Santa Ana Drags Reunion
Santa Ana, CASaturday, April 1, 2017
Photos by Roger Rohrdanz Story by Richard Parks
On April 1, 2017 we held our biannual reunion honoring the old Santa Ana Dragstrip at Santiago Creek Park, in Santa Ana. The next reunion will be in October at the same park and at the same time: 10AM to 2PM.
Many people ask us, “Why do you hold them so often?” The answer is simple; we are an older group and lose our friends to age and illness. We aren’t sure when our last reunion will be held, but we will carry it on for as long as we can. The Santa Ana Drags came into existence on July 2, 1950 and lasted for nearly a decade with the last race held in 1959, and then the County of Orange closed it down to expand the airport.
Another question often raised concerns the point of whether the Santa Ana Airport Dragstrip was the first in existence. The answer is that it all depends on what you mean by “first.” Santa Barbara airport in Goleta, CA, claims that it held regular and supervised drag races a year earlier and continued for some time. Ed Osepian, a regular at the old Santa Ana dragstrip, told us that he raced at that first 1949 Goleta drag race and won his class, and brought a story and photograph to prove it. Impromptu drag races were held around the nation and especially in Northern and Southern California long before 1949.
Miller told me of a drag race between a roadster and a quarterhorse on Highway 39 around Whittier, CA sometime in 1938. A man in a Stetson hat and cowboy boots came into a local speed shop and said, “That roadster looks fast, but I’ll bet that my horse can beat that car in a quarter mile!”
It was a typical scam of the time. The hot rodders were cagey too and took the bet, but instead of using that roadster, they borrowed a quicker roadster to race the horse. The hot rodders even went to Santa Anita racetrack and timed all the thoroughbreds. Convinced they had a second or two faster time than the horse, the young hot rodders accepted the challenge. The hot rodders were a nervous lot as they wagered their money, for this was during the Great Depression, yet they were very sure that they had worked out the bugs in this scheme. They hadn’t, for the horse was a quarterhorse, bred for quick speed for a quarter-mile, though they didn’t know it at the time. The quarterhorse had been trained to take off as soon as the gambler touched the brim of his Stetson. The driver floored the roadster and quickly shifted into high gear. According to the story the hot rodders told, they beat the quarterhorse by a nose.
The Santa Ana Airport Drags were not the first drag races, for these events took place all over the country. Santa Ana had many firsts, though; it had paid admissions, it was professionally organized, it codified many of the rules that we know today and, most importantly, it took the nation by storm. After that first race on July 2, 1950, the news media went crazy trying to cover drag racing and young people from all over the nation flocked to C. J. Hart’s dragstrip and copied the way he did things. Timing associations were organized overnight and dragstrips were created all over the nation. So haphazard were many of these early drag strips that less than a year later, in March of 1951 the National Hot Rod Association (NHRA) was formed to create safety programs, insurance coverage and rules to govern a sport that grew overnight.
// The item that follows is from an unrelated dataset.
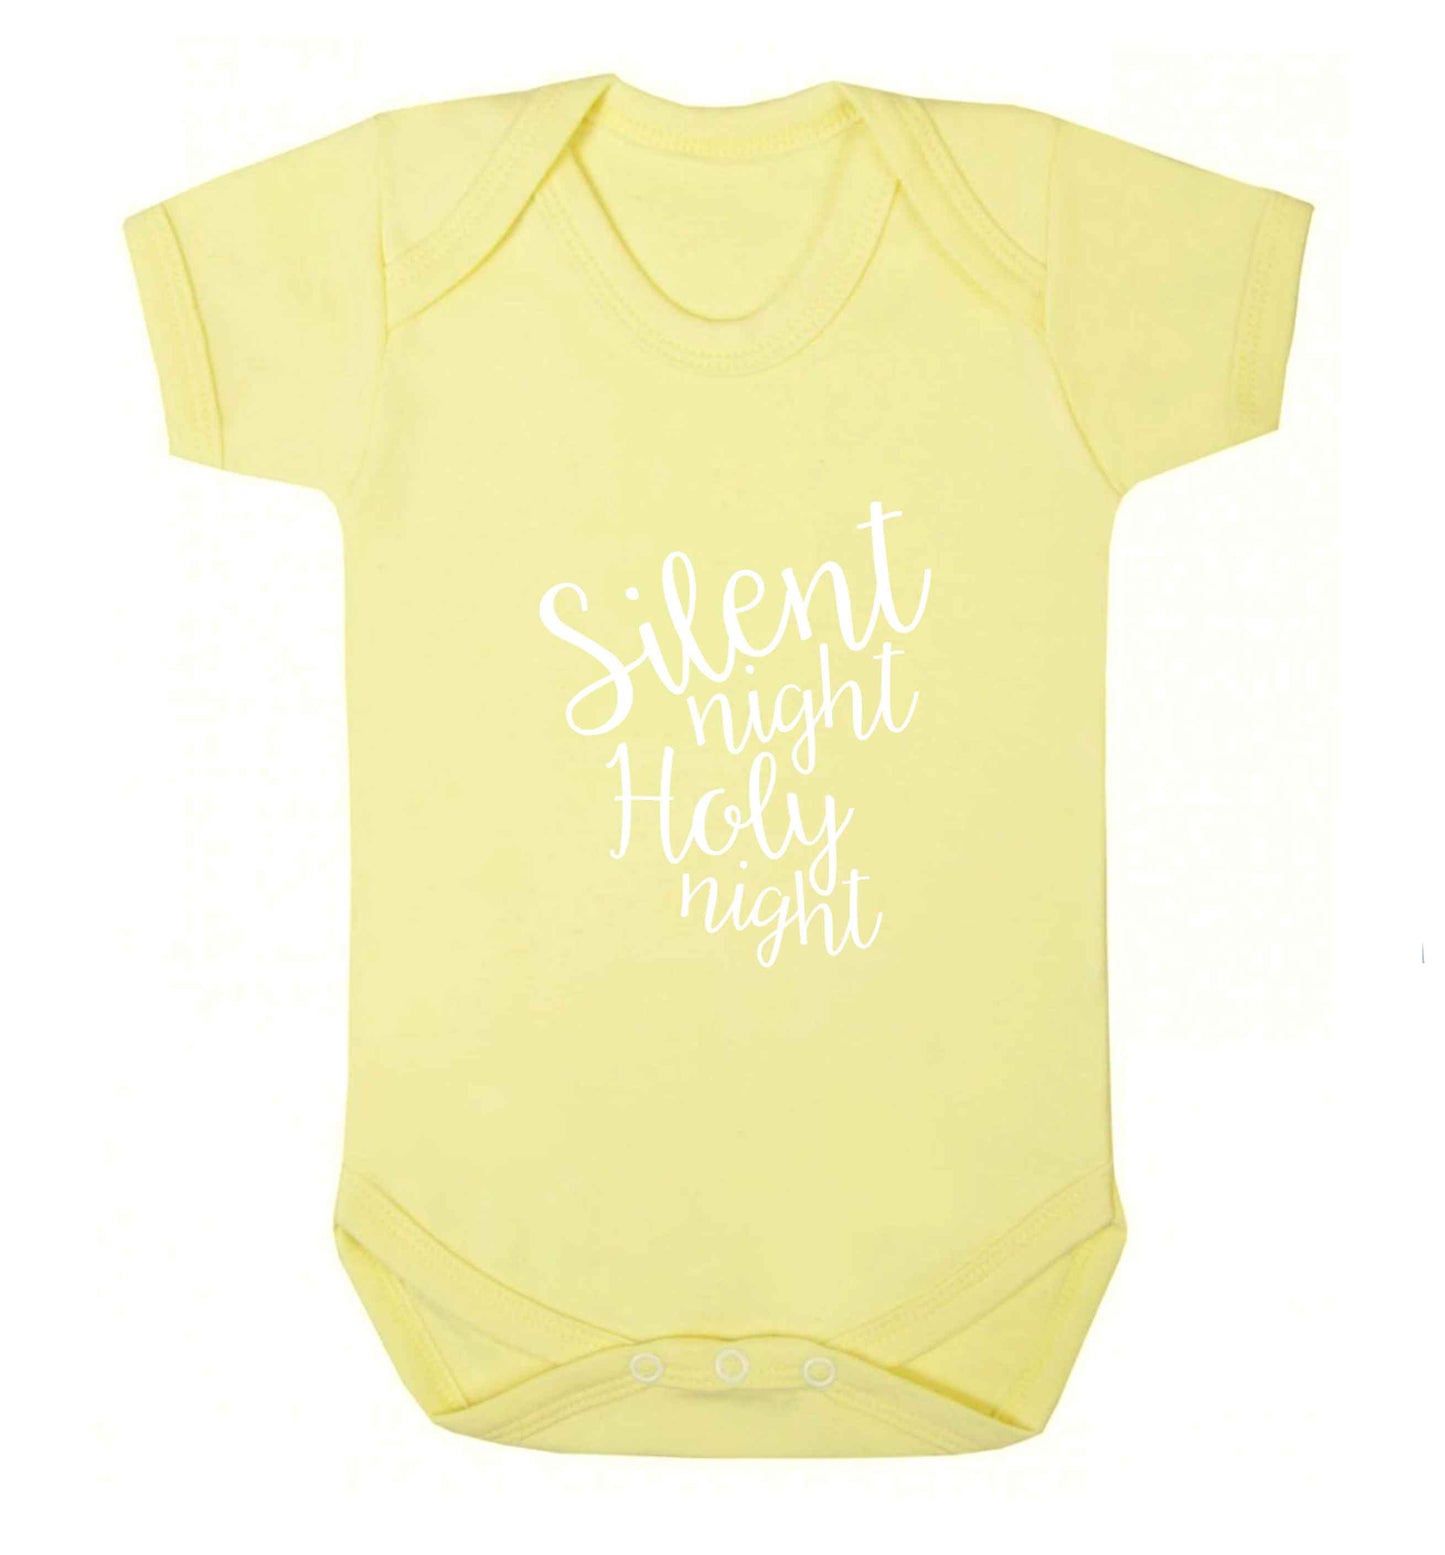 Silent night holy night baby vest pale yellow 18-24 months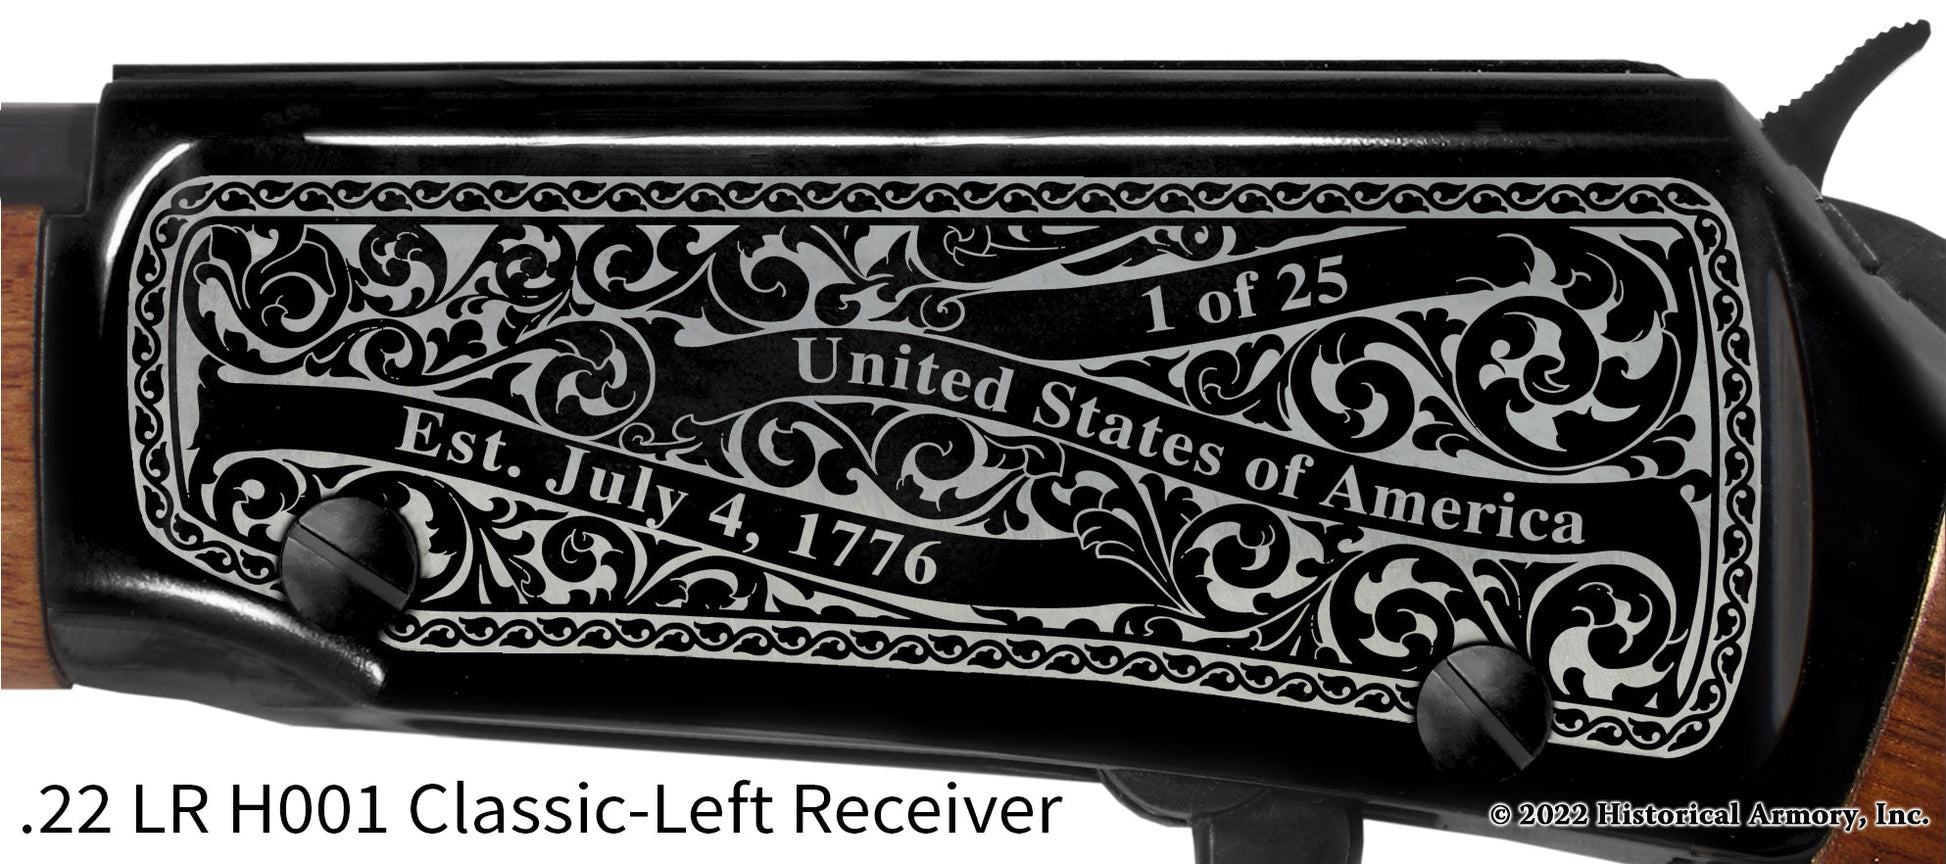 Graves County Kentucky Engraved Henry H001 Rifle

The Santa Ana Drags Reunion is a free event and there are no costs to attend. Leslie Long is the leader of the group and is assisted by Gene Mitchell, Roger Rohrdanz, Richard Parks, Jim Miller and Jerry Hart. Mitchell brings tables, chairs, tents and food, all free of charge, and reserves the park. Roger is the reunion photographer, Parks is in charge of public relations and Hart brings the old posters that he saved when his father and mother were the promoters of the dragstrip. Other guests also bring photographs and memorabilia to show. Non-racers and spectators are welcome.
Those in attendance were Fred Angelo and Hilda Armijo, Phil Turgasen, Dave Sackett, Wayne Harper, Doug Wilson, Richard Langson, Chris Cote, Duke Langson, Sharon Kim, Leon and Darlene FitzGerald, Ed Osepian, Mike English, Lance Martin, Doug Westfall, Mike Miniaci, Neariah Bolderoff, Nautica Williams, Eldon Harris, Norm Stevenson, Larry Corbett, Curt Kopetsky, Tim Love, Dave Cook, Bob Baxter, Bert Middleton, Sonny Cerneka, Betty Belcourt, Megan Mitchell, Rich Casada, Tim Casada, Doug and Roberta Gillespie, Jim Murphy, Mike Uribe, Fred Martinez, Gene Ellis, Ken Freund, Ken Butler, Diane Carmelo Vandenberg, Lyman Wilson, John Conner, David Steele, Ron and Anna Winship, Jim Donoho and Diane Klingaman.